*Exercise description*
Return all of the data that follows precisely, leaving every image out.

*Material provided*
--- START ---

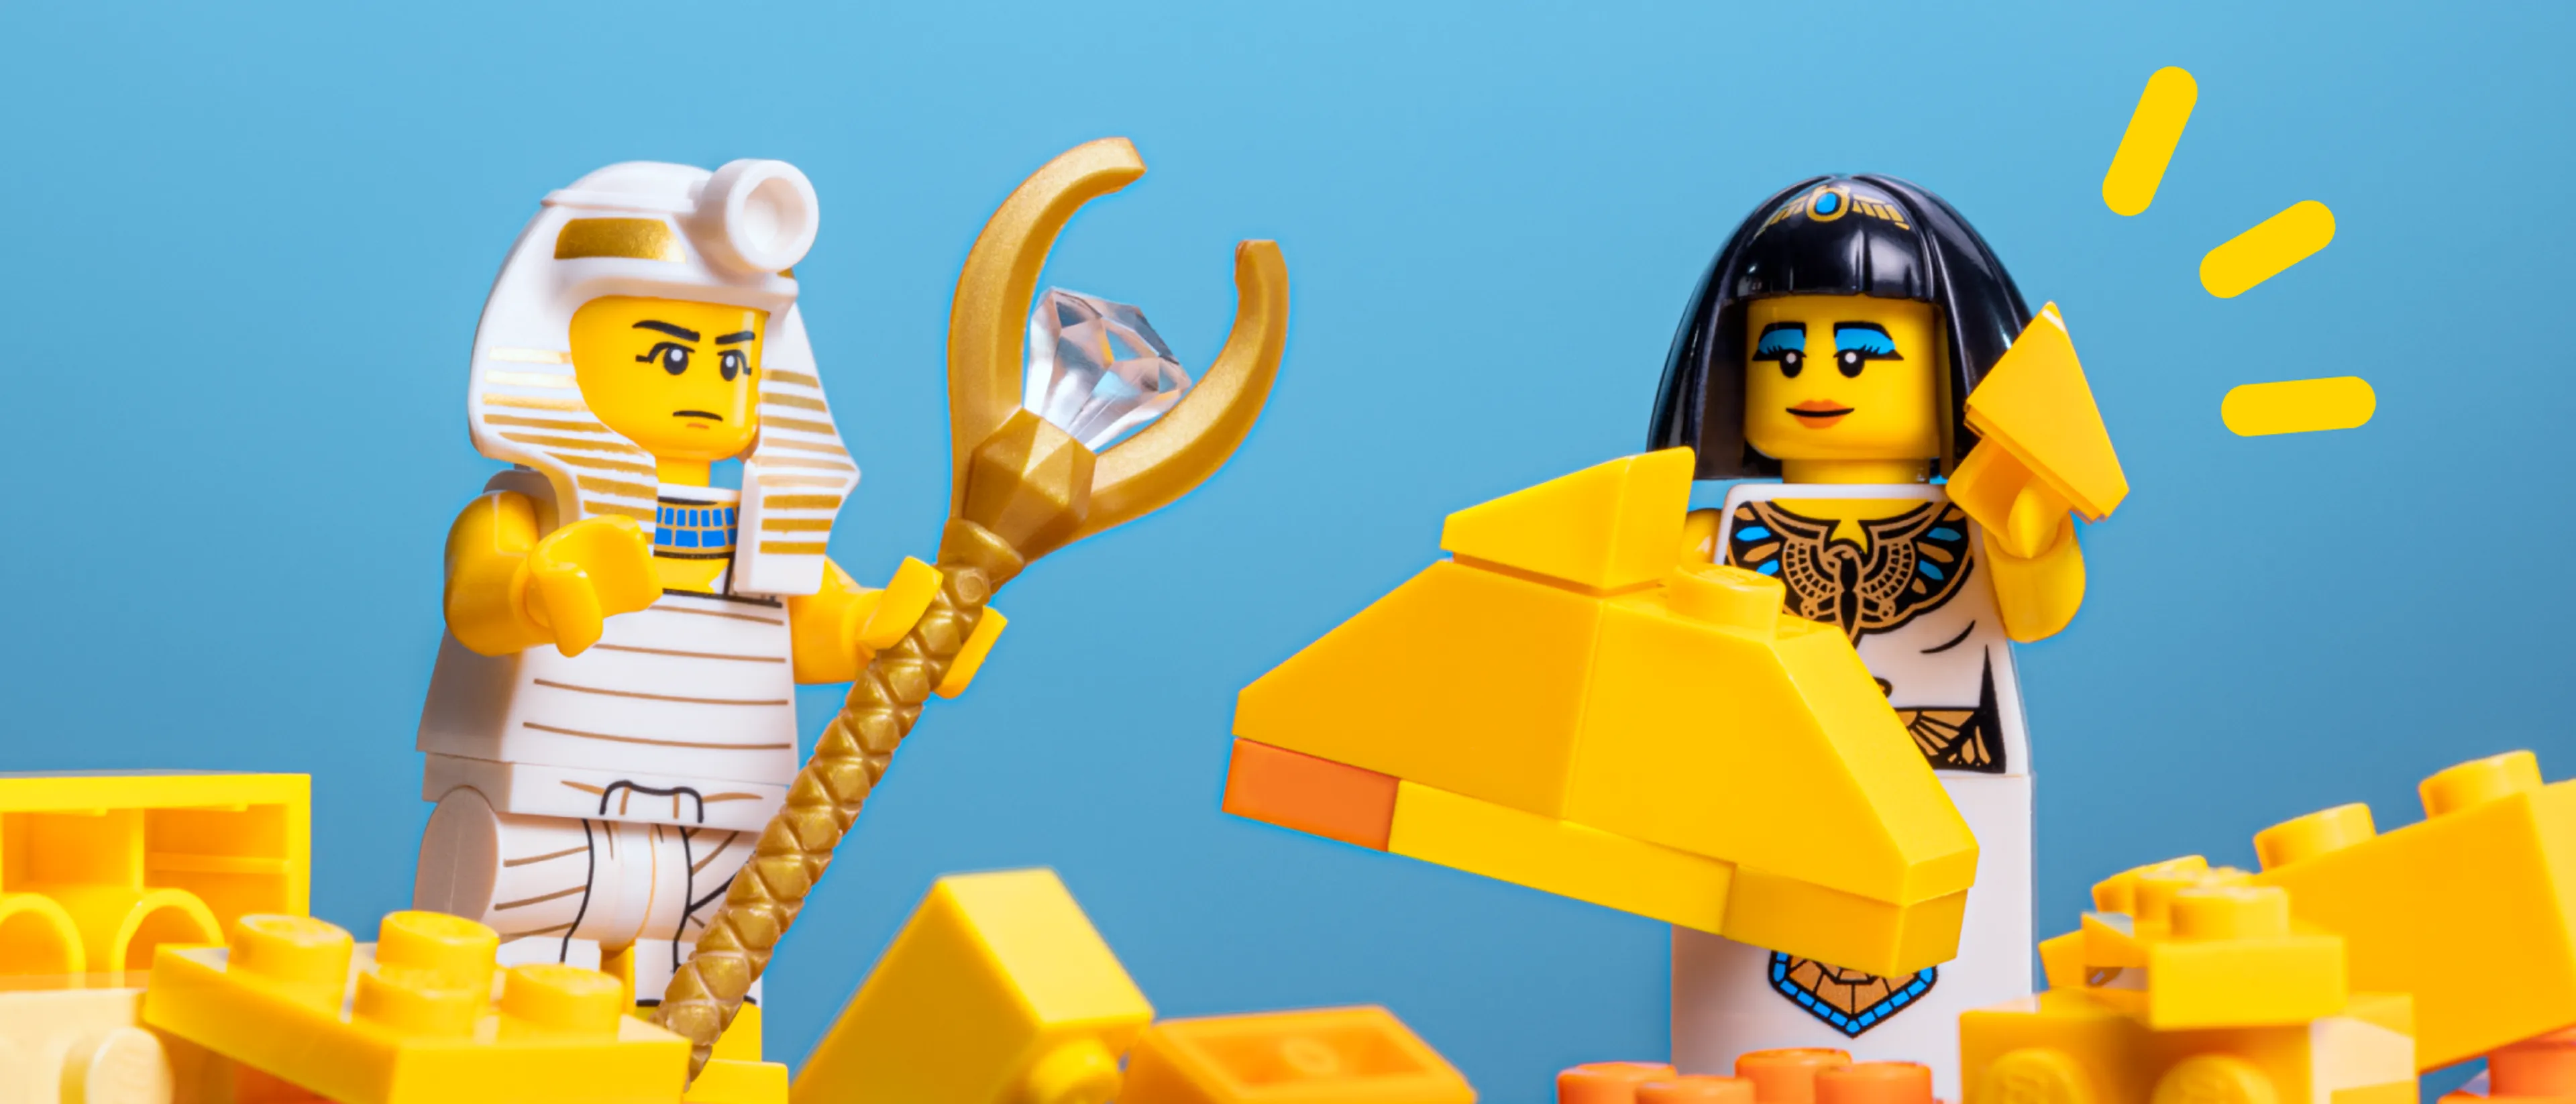 Lego abrick - Lego
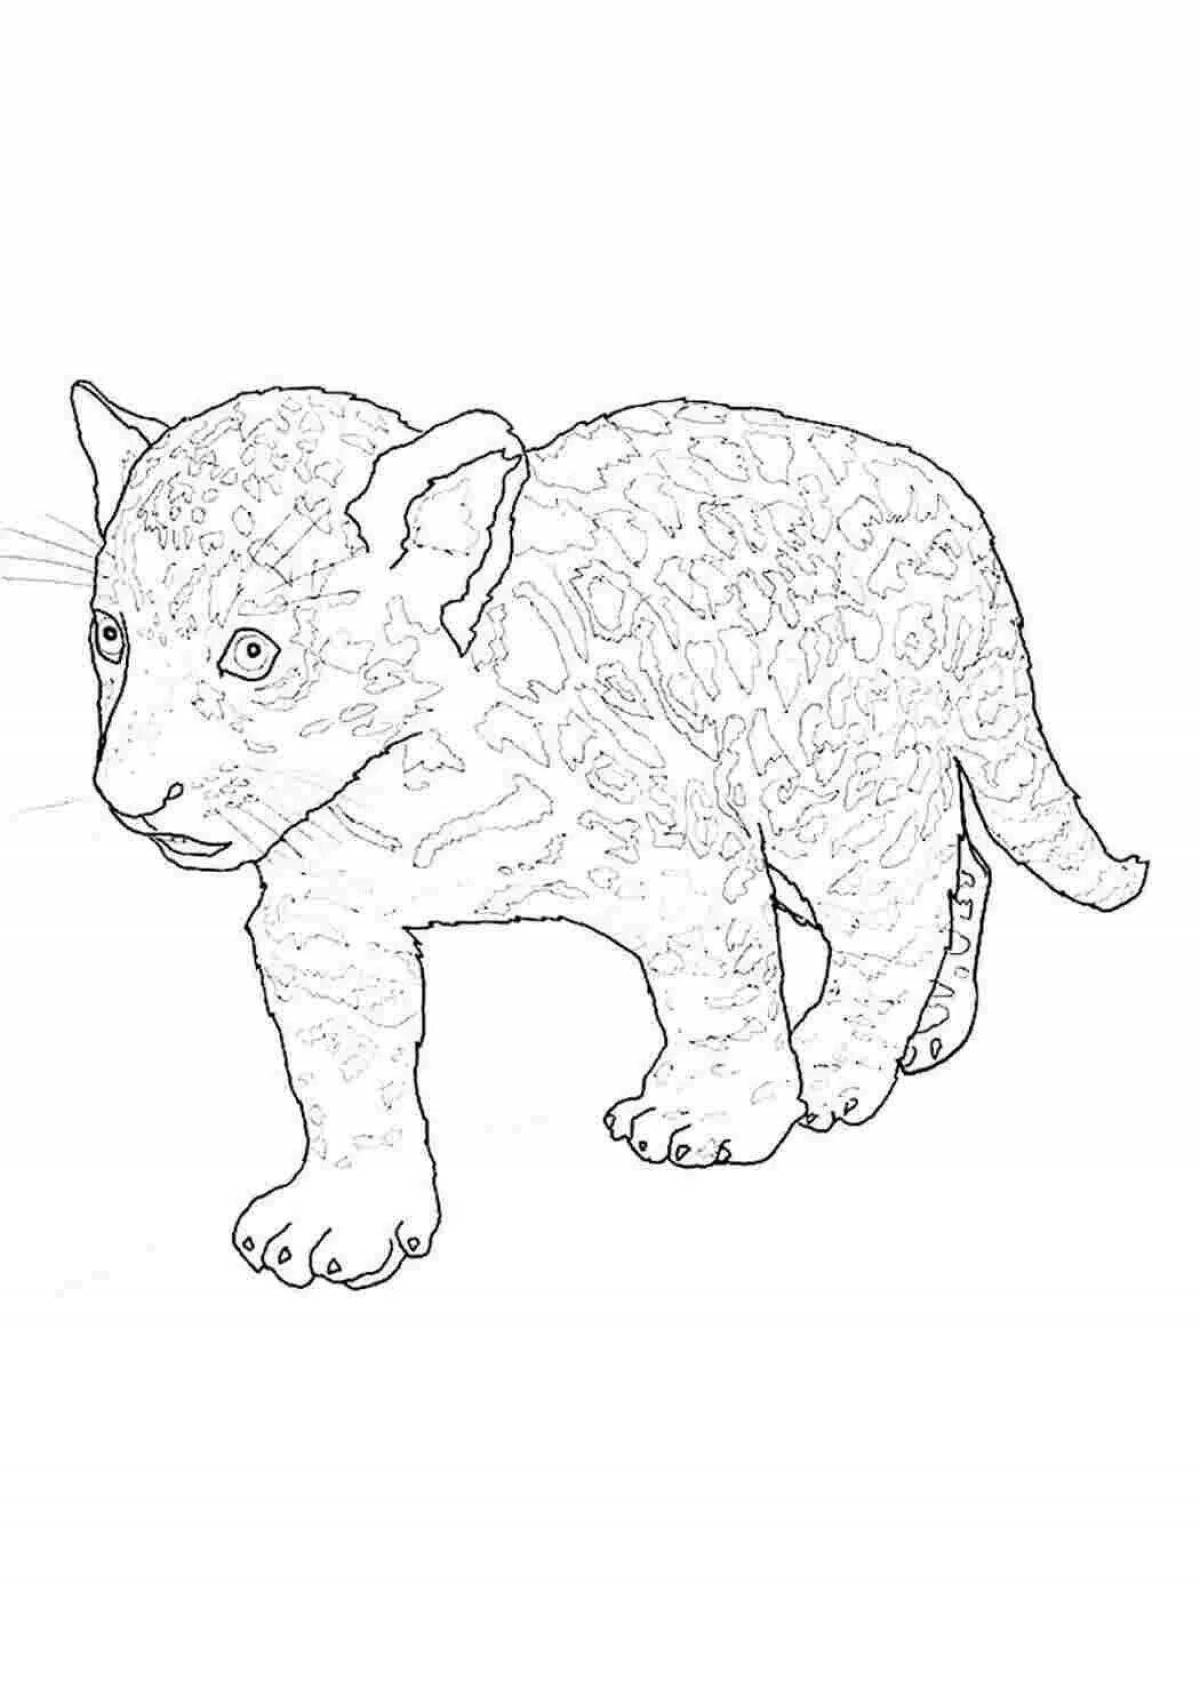 Charming jaguar coloring page
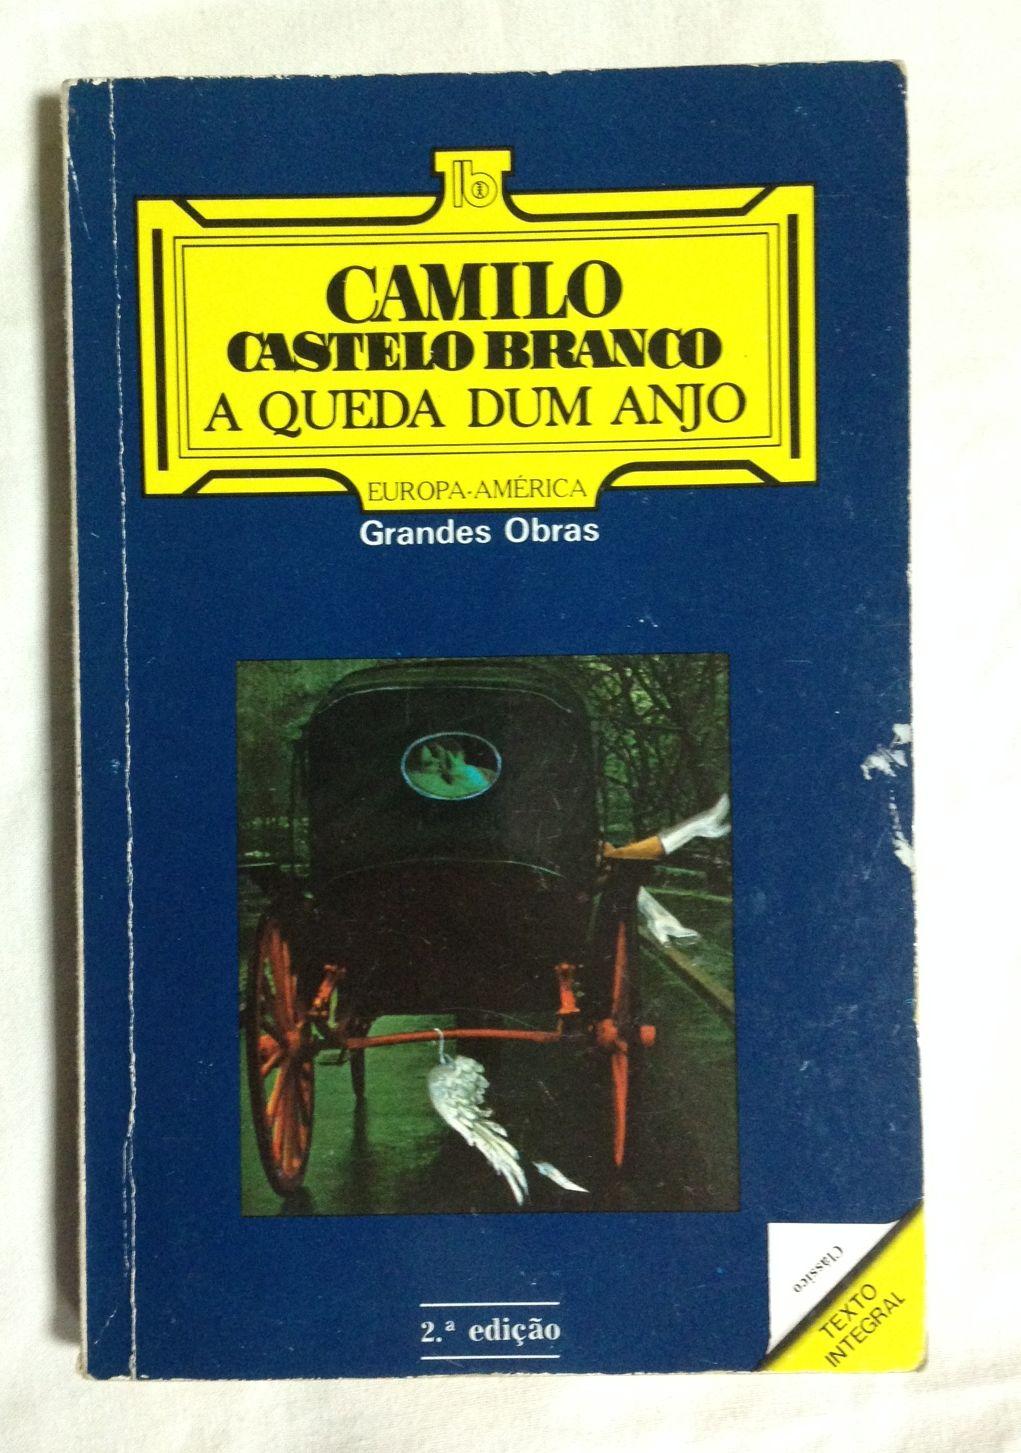 A QUEDA DUM ANJO - CASTELO BRANCO, Camilo
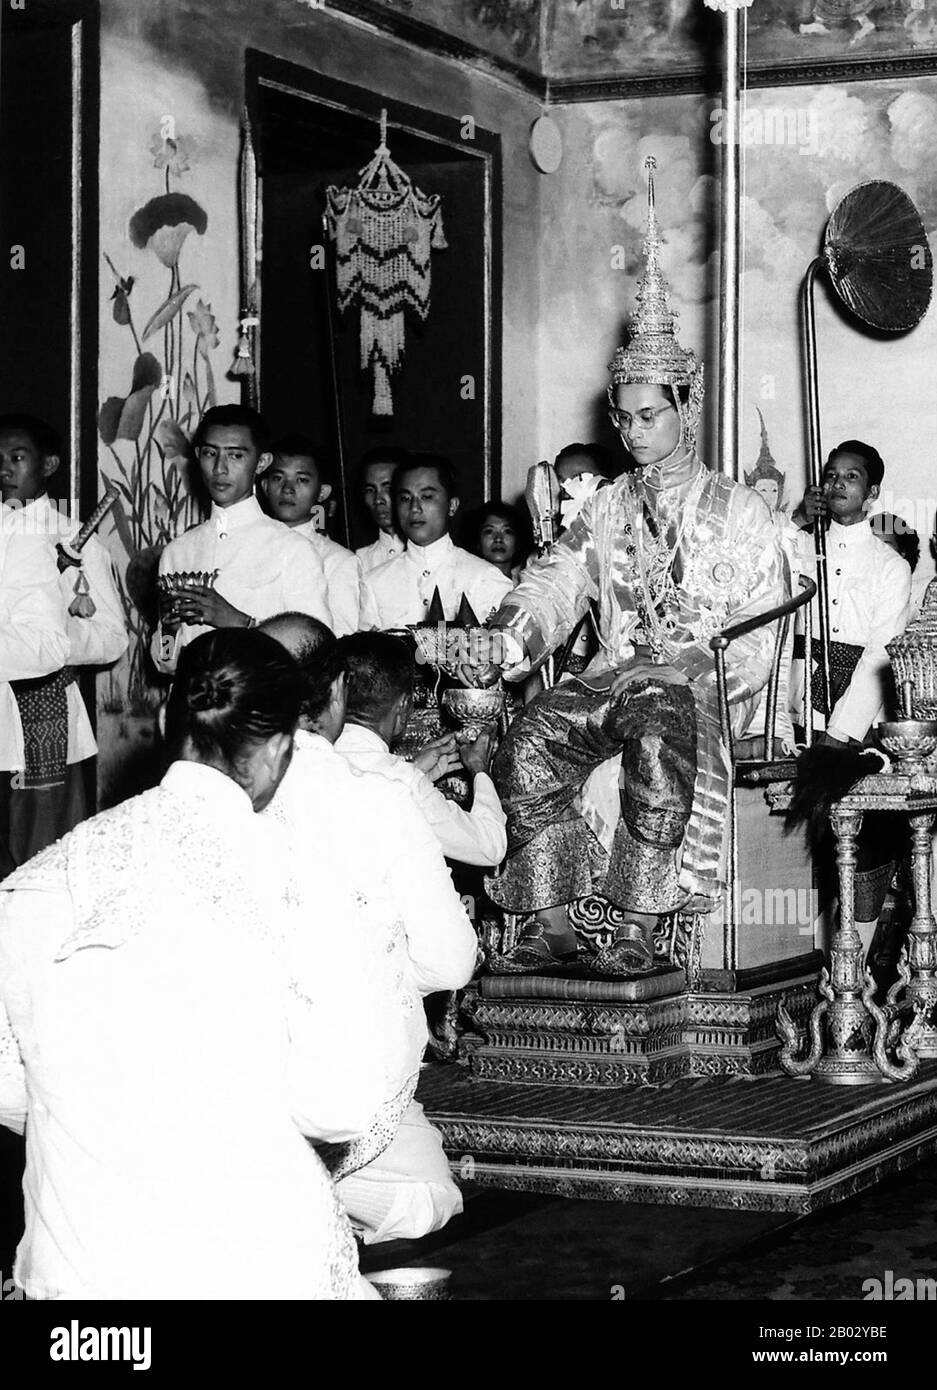 Bhumibol Adulyadej (Phumiphon Adunyadet, nacido el 5 de diciembre de 1927) es el actual Rey de Tailandia. Él es conocido como Rama IX (y dentro de la familia real tailandesa y para los asociados cercanos simplemente como Lek. Habiendo reinado desde el 9 de junio de 1946, es el actual jefe de estado más antiguo del mundo y el monarca más reinante de la historia tailandesa. Foto de stock

--- END ---

*Response below*
 Lego abrick - Lego
 Charming jaguar coloring page
 A QUEDA DUM ANJO - CASTELO BRANCO, Camilo
 Bhumibol Adulyadej (Phumiphon Adunyadet, nacido el 5 de diciembre de 1927) es el actual Rey de Tailandia. Él es conocido como Rama IX (y dentro de la familia real tailandesa y para los asociados cercanos simplemente como Lek. Habiendo reinado desde el 9 de junio de 1946, es el actual jefe de estado más antiguo del mundo y el monarca más reinante de la historia tailandesa. Foto de stock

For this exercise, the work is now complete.